Multi-Plant Concentrated Powder Improved Skin Whitening: A Double-Blinded, Randomized, and Placebo-Controlled Clinical Study.
Summary
In a 12-week double-blind RCT (n=60), the multi-plant formulation significantly improved plasma antioxidant markers versus placebo and produced modest improvements in skin brightness and spot counts, with borderline significance for some skin endpoints.
Key Findings
- Double-blind, randomized, placebo-controlled design with 60 participants over 12 weeks (NCT05988567).
- Significant increases in TEAC, SOD, and GPx versus placebo (p<0.01).
- Skin brightness (L*) and ITA° increased from week 8 (p<0.1); skin spots decreased at weeks 8 and 12 (p<0.1).
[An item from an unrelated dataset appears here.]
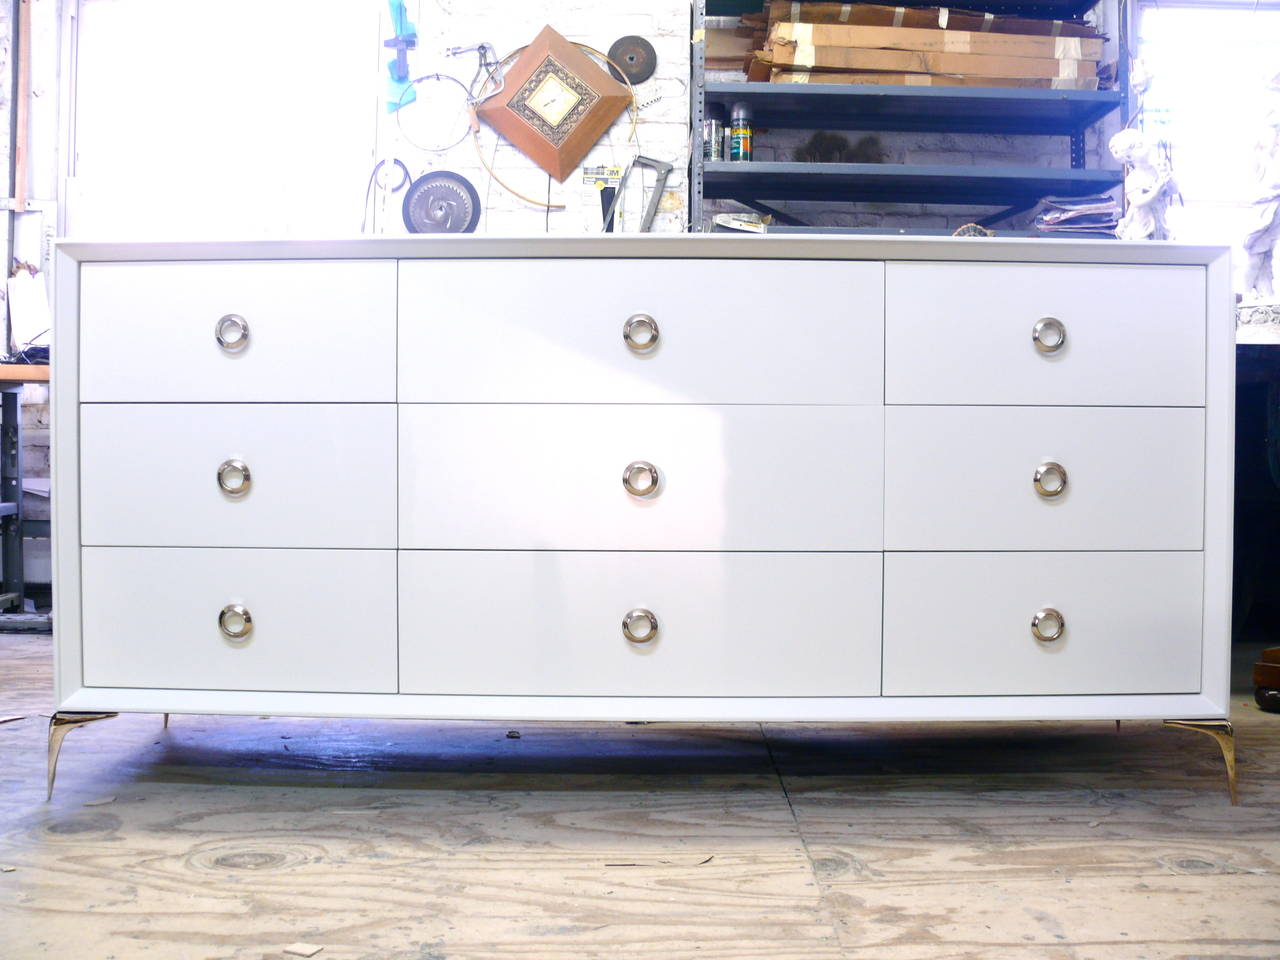 Stiletto nine-drawer dresser by Irwin Feld Design for CF Modern. Shown in BM white dove high gloss lacquer and polished solid brass hardware. This dresser can be customized to your perfect specifications. Shown lacquered, CF Modern offers many other

- Reductions in erythema (a*) and wrinkles were observed within the treatment group at week 12 but not significant versus placebo.
Clinical Implications
Supports cautious use of multi-ingredient nutraceuticals for skin brightening with emphasis on modest effect sizes; clinicians should communicate borderline significance for some endpoints and await larger, longer trials.
Why It Matters
Provides randomized clinical evidence for a nutricosmetic combination, a domain often limited to observational or small uncontrolled studies.
Limitations
- Small sample size and short follow-up (12 weeks).
- Some primary skin outcomes achieved only borderline statistical significance (p<0.1), limiting inference.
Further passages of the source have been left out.